In other words, you CAN'T infer the signal from \(X(\frac{N}{2})\) \[\begin{align} X(k)\frac{1}{N}e^{j 2 \pi \frac{nk}{N}}\bigg|_{k=\frac{N}{2}} &= \frac{X\left(\frac{N}{2} \right)}{N}(-1)^n \\ &= \frac{X\left(\frac{N}{2} \right)}{N}\cos(\pi n) \\ &= \frac{X\left(\frac{N}{2} \right)}{N}\left( \cos(\pi n) - \beta \sin(\pi n) \right) \\ &= \frac{X\left(\frac{N}{2} \right)}{N}\sqrt{1+\beta^2}\left(\frac{1}{\sqrt{1+\beta^2}} \cos(\pi n) - \frac{\beta}{\sqrt{1+\beta^2}} \sin(\pi n) \right) \\ &= \frac{X\left(\frac{N}{2} \right)}{N} \frac{1}{\cos(\theta)}\left(\cos(\theta) \cos(\pi n) - \sin(\theta) \sin(\pi n) \right) \\ &= \frac{X\left(\frac{N}{2} \right)}{N} \frac{1}{\cos(\theta)} \cos(\pi n+\theta) \end{align}\]

where \(\beta \in \mathbb{R}\) and you wouldn't know it because \(\sin(\pi n)=0 \quad \forall n \in \mathbb{Z}\)

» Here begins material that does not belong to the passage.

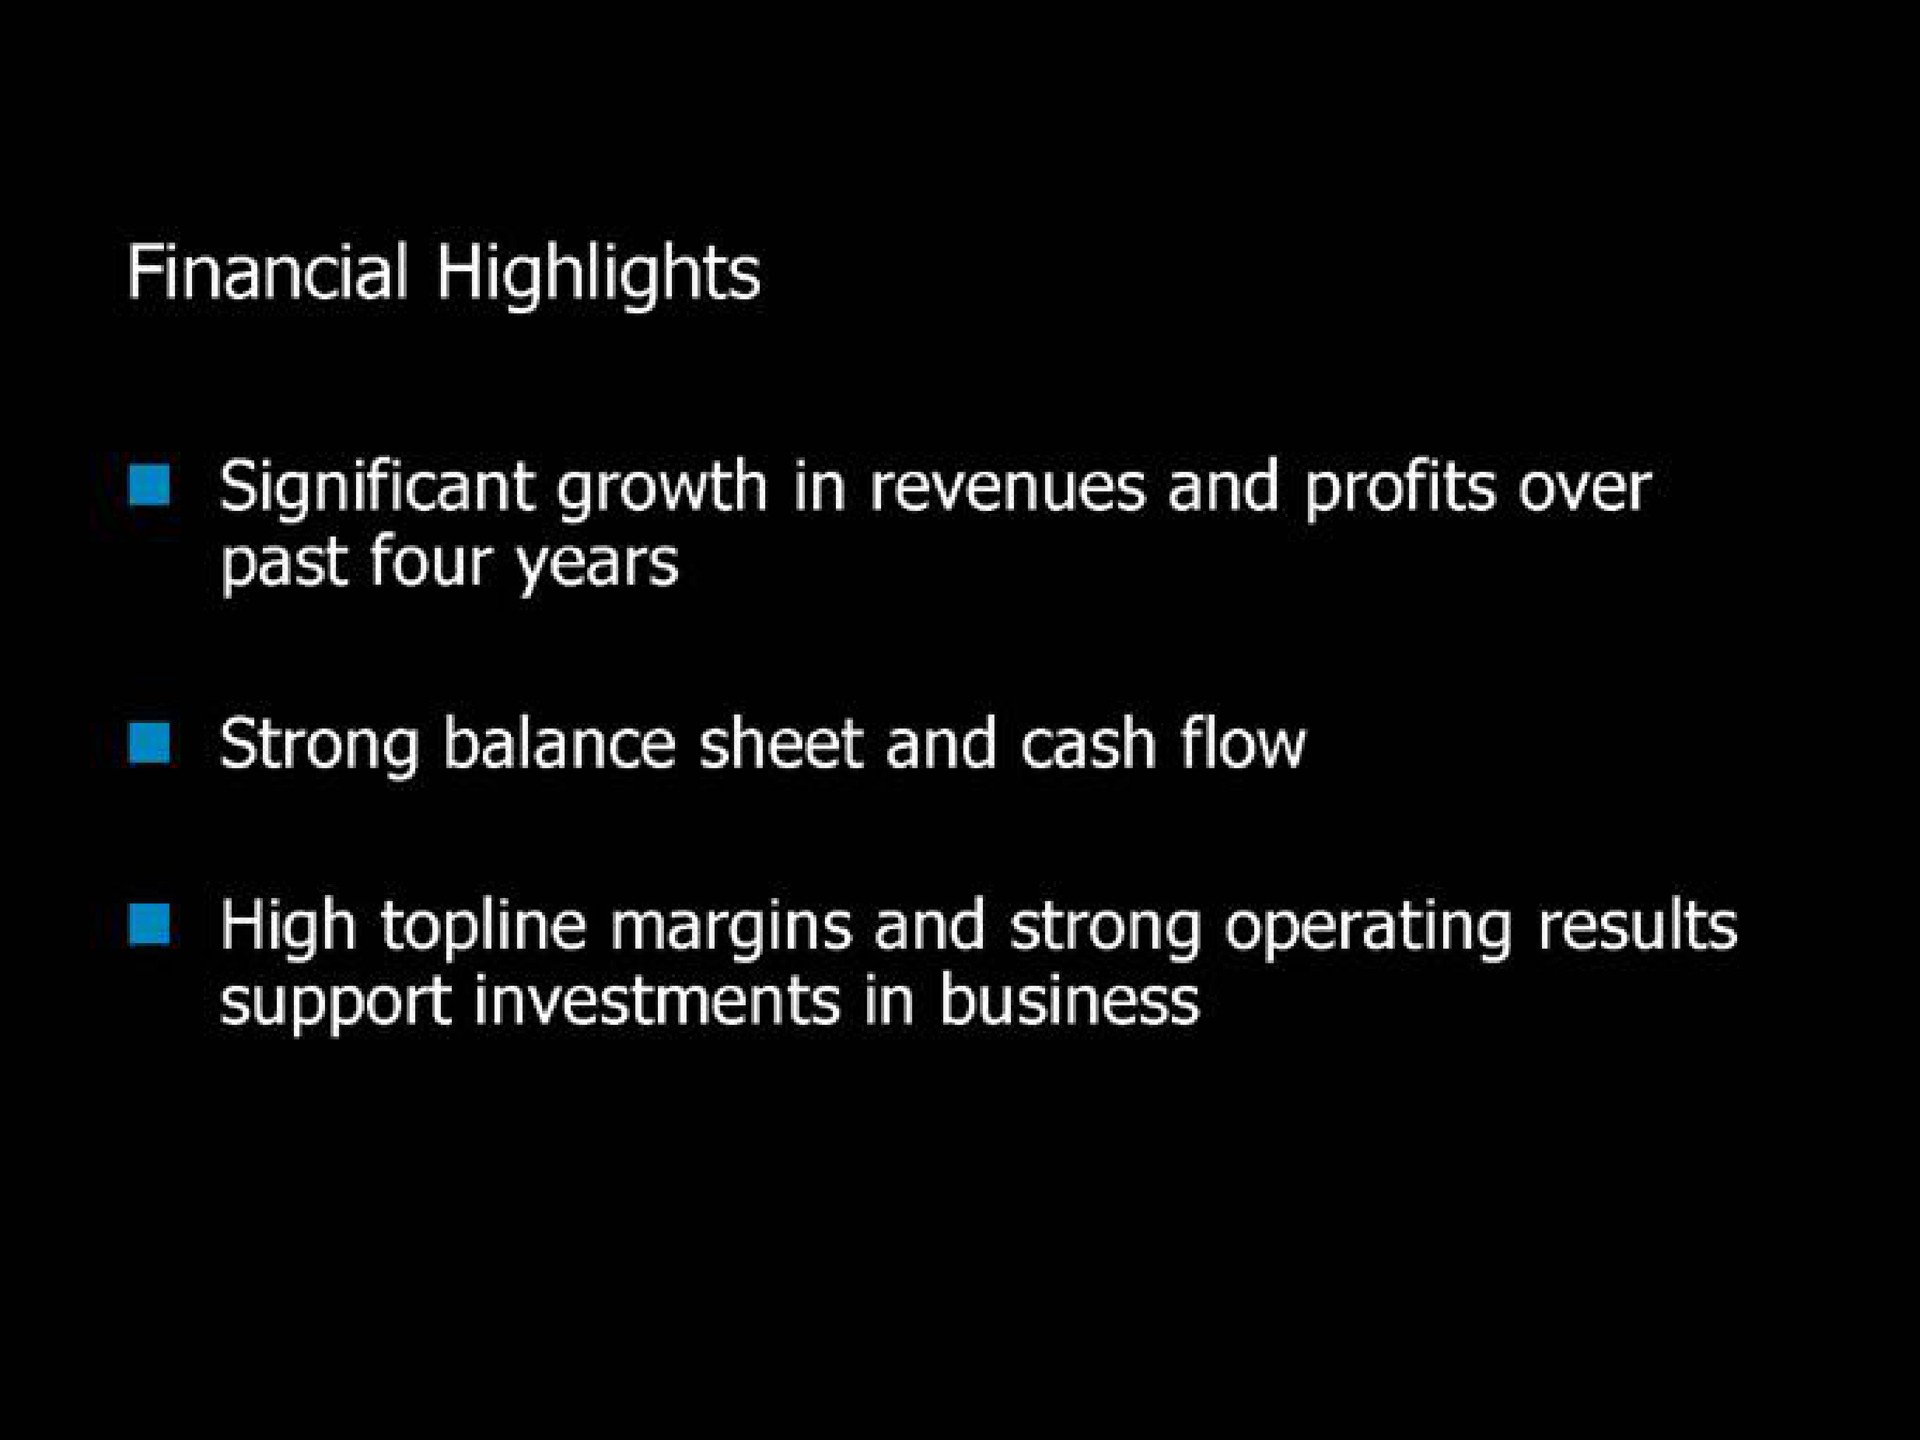 financial highlights strong balance sheet and cash flow | Blockbuster Video
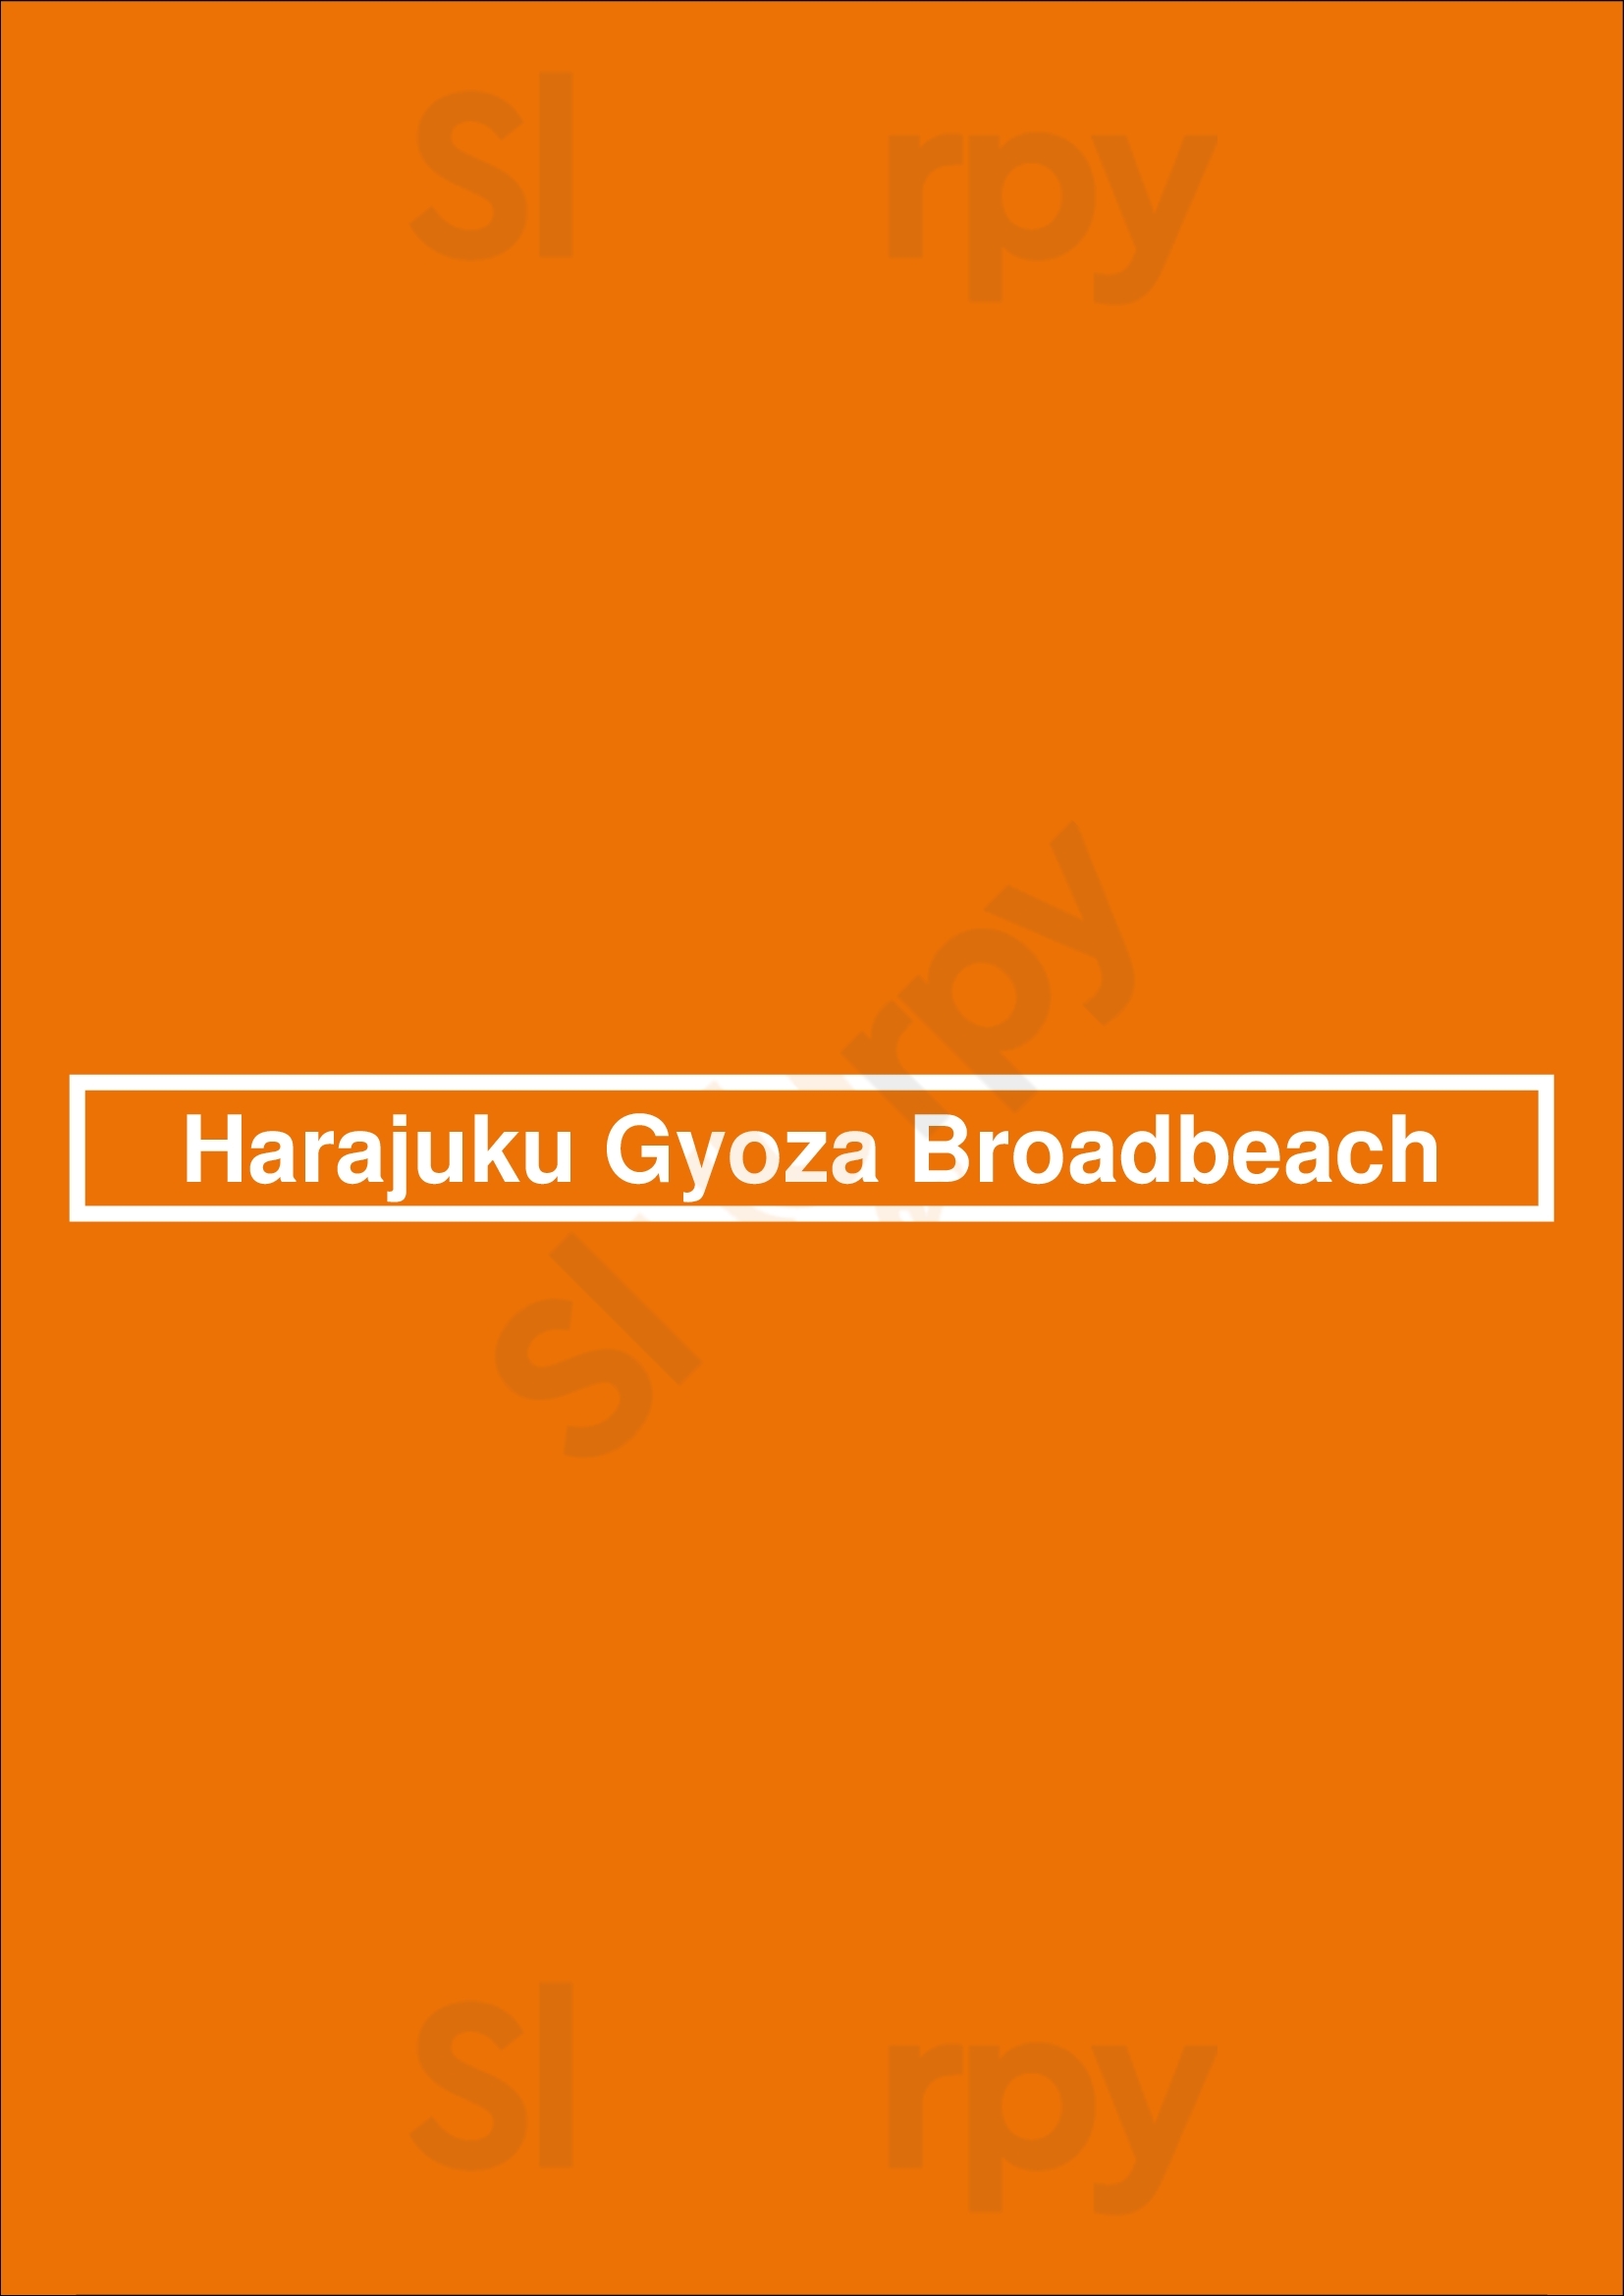 Harajuku Gyoza Broadbeach Broadbeach Menu - 1

For example, if \(\theta=0\) \[ X(k)\frac{1}{N}e^{j 2 \pi \frac{nk}{N}}\bigg|_{k=\frac{N}{2}}= \frac{X\left(\frac{N}{2} \right)}{N} \cos(\pi n) \] However, if \(\theta=\frac{\pi}{3}\) \[ X(k)\frac{1}{N}e^{j 2 \pi \frac{nk}{N}}\bigg|_{k=\frac{N}{2}}= \frac{X\left(\frac{N}{2} \right)}{N}\cdot 2 \cos(\pi n+\frac{\pi}{3}) \]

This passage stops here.